# [Collected data]
════════════════

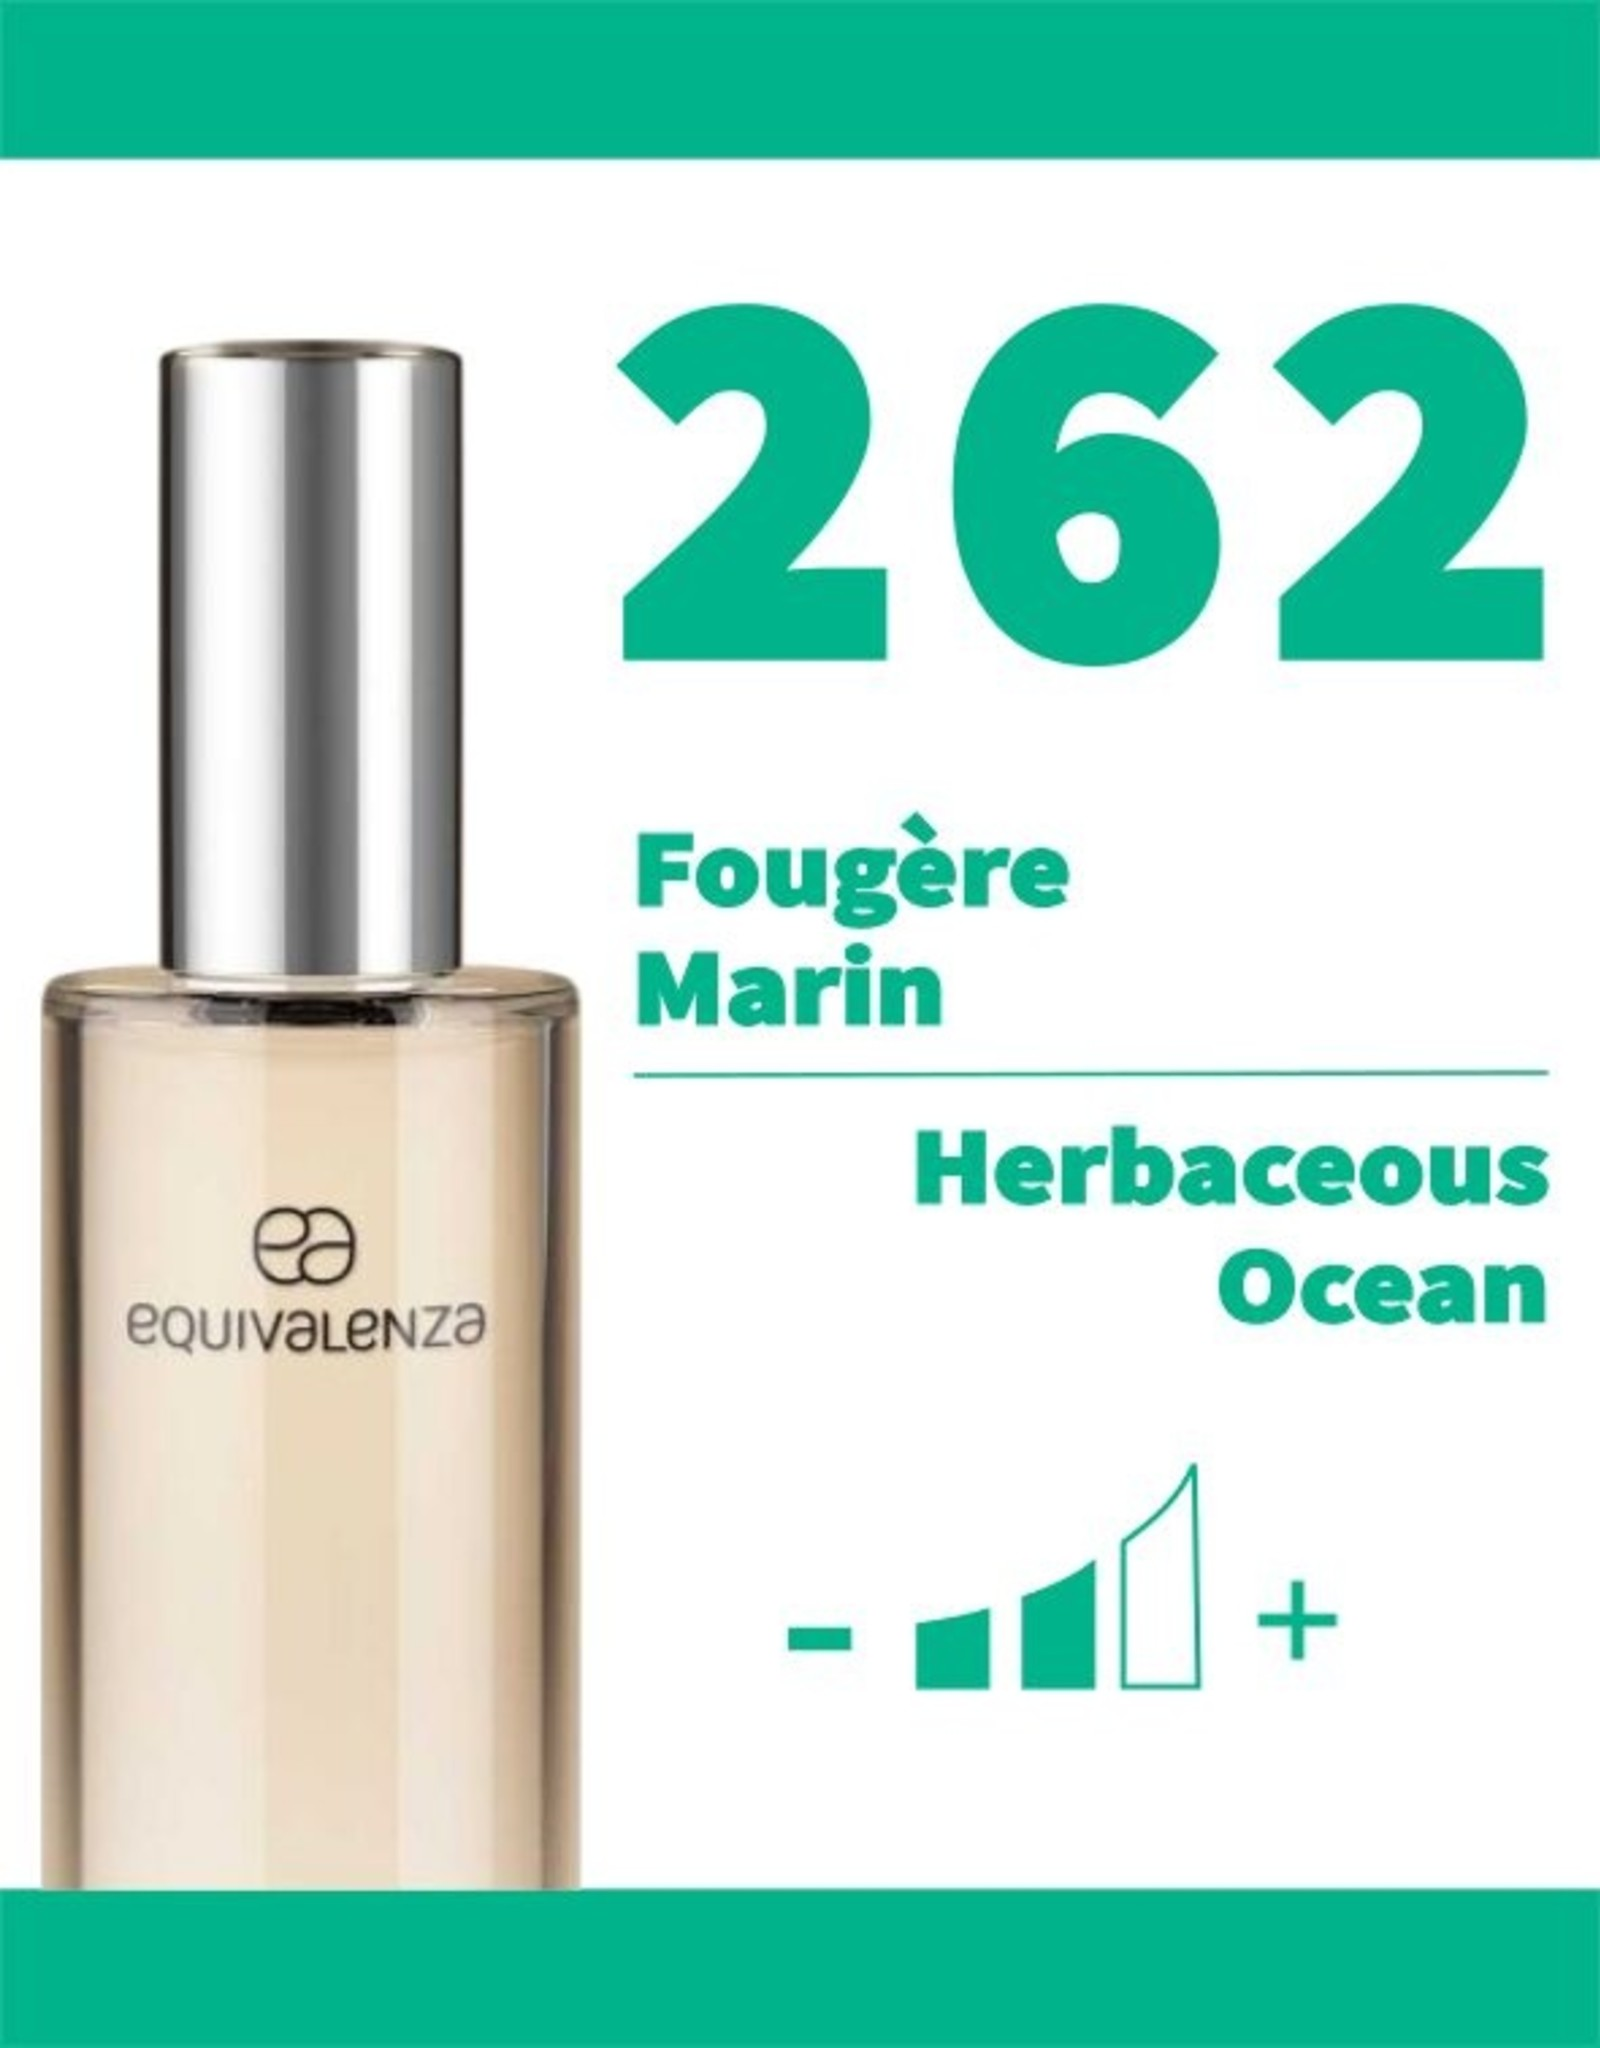 Equivalenza Herbaceous Ocean 262
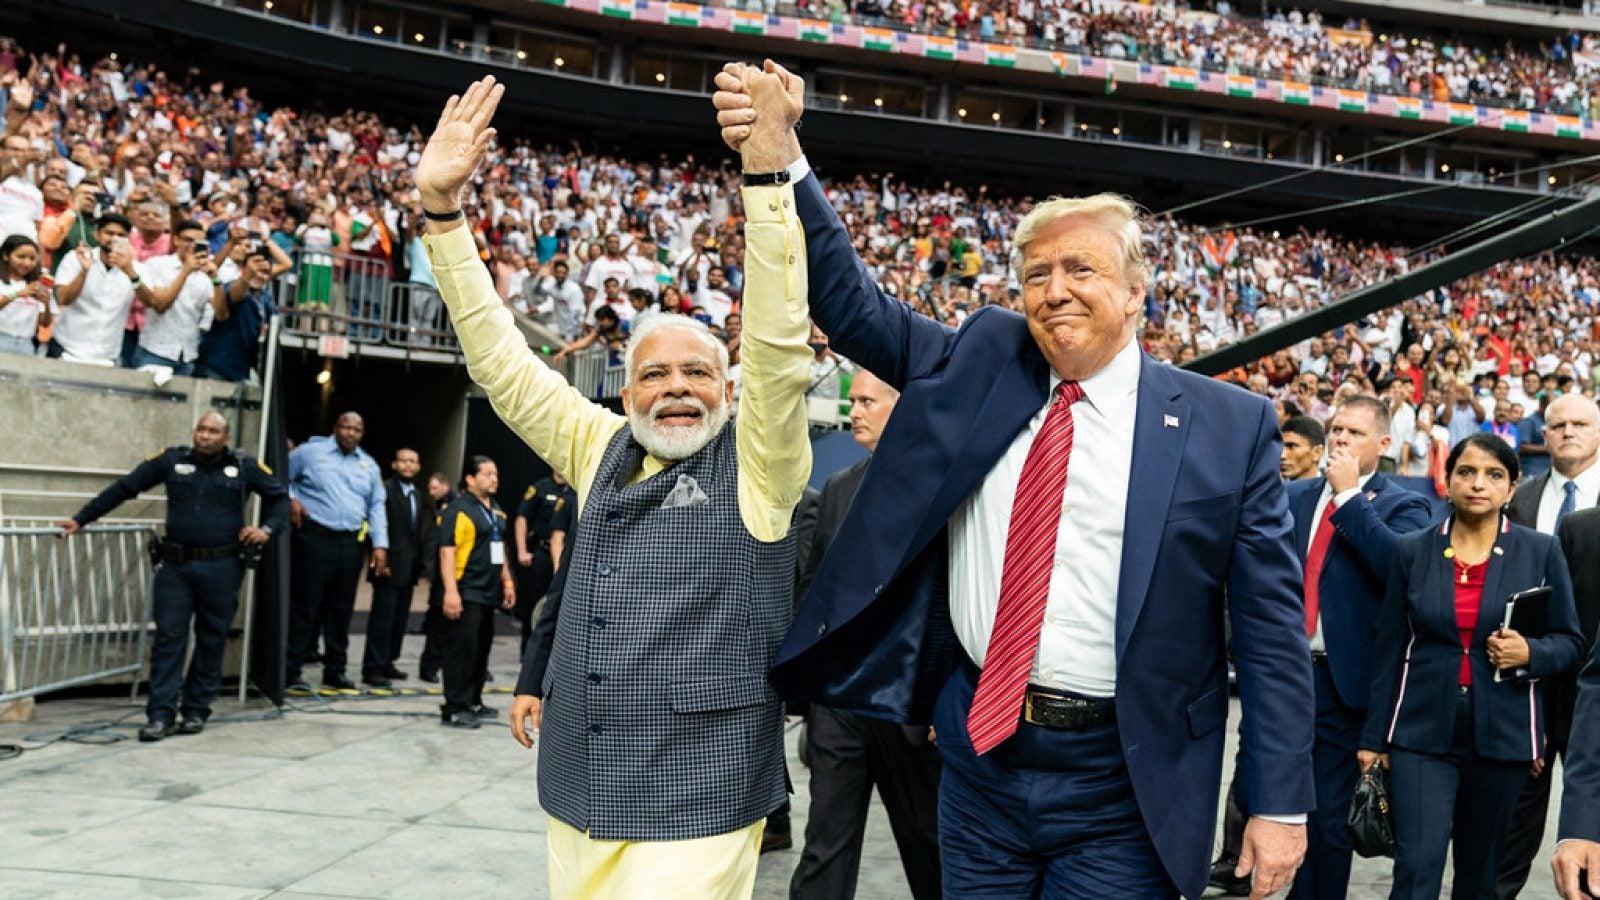 Donald Trump and Narendra Modi at Rally in India
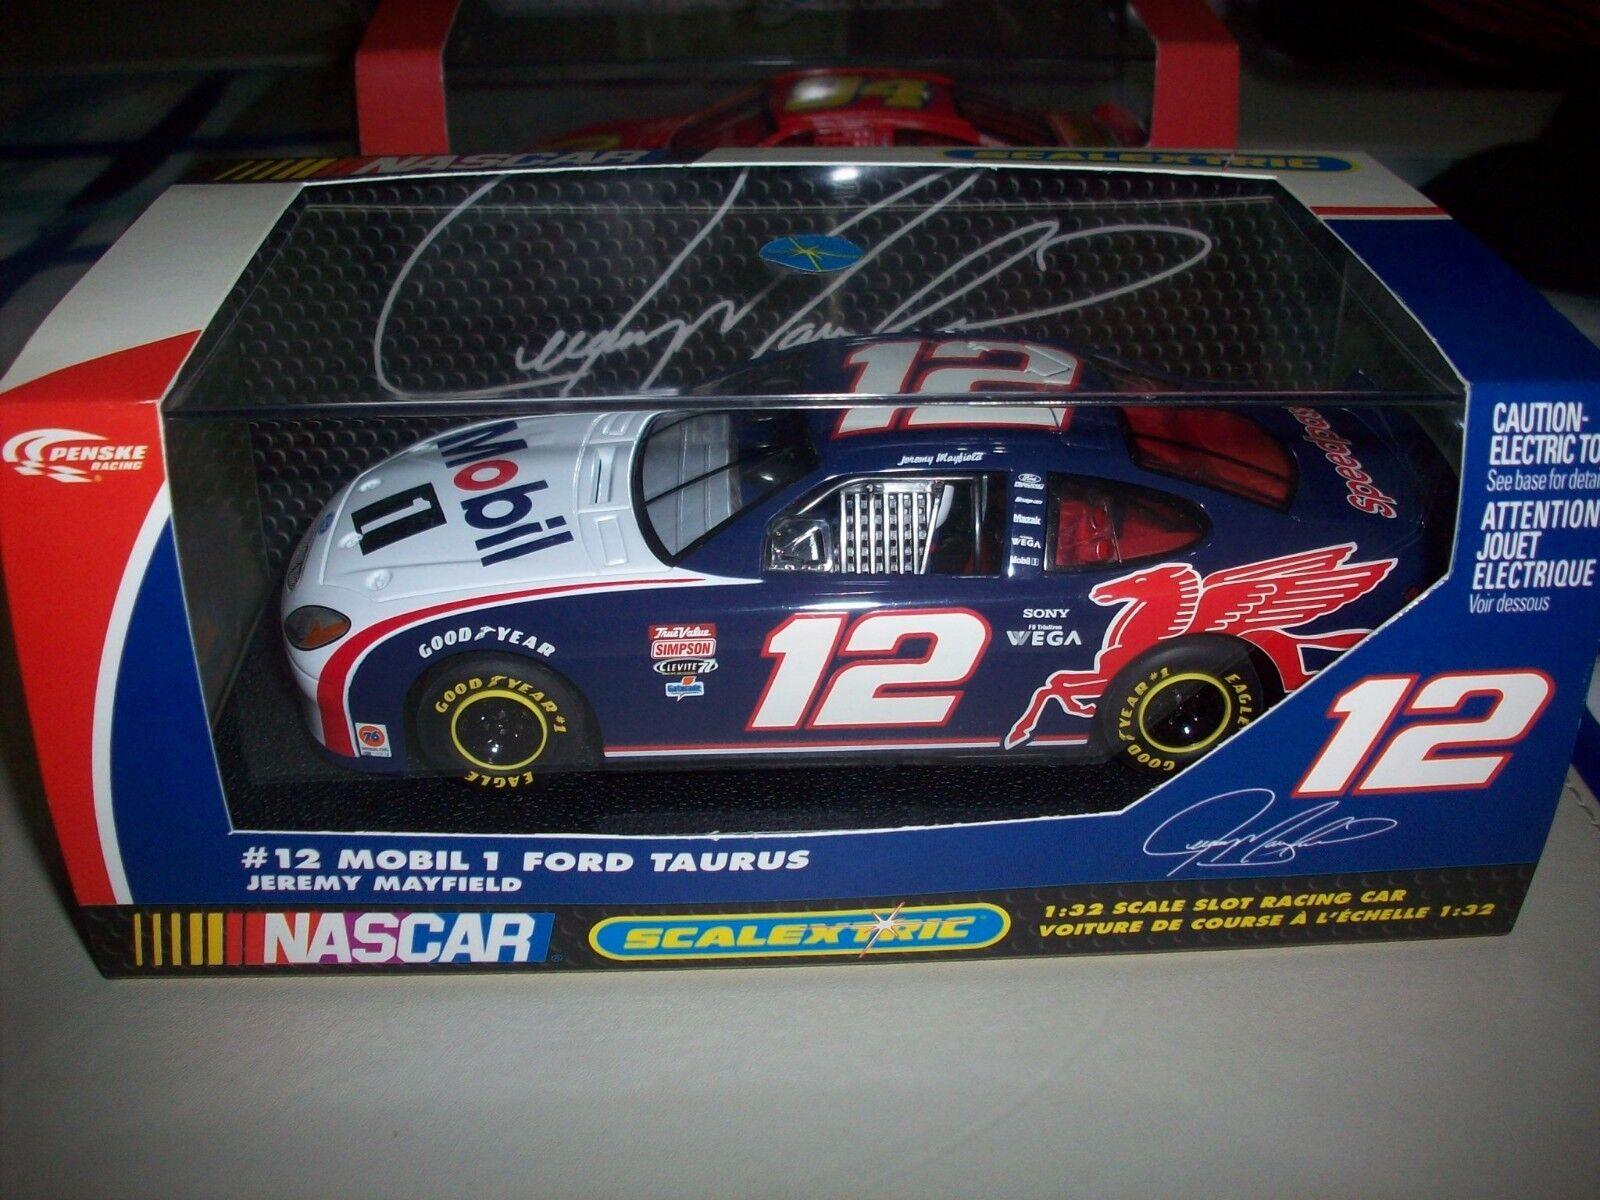 Scalextric Rare C2348 Mobil 1 Ford Taurus Jeremy Mayfield NMIB Nascar

════════════════

# [Action item]
The expected answer is the lines from the one that has "Donald Trump and" to the end of the listing, transcribed exactly, with pictures left out and no other line added.

# [Your response]
 Donald Trump and Narendra Modi at Rally in India
 Scalextric Rare C2348 Mobil 1 Ford Taurus Jeremy Mayfield NMIB Nascar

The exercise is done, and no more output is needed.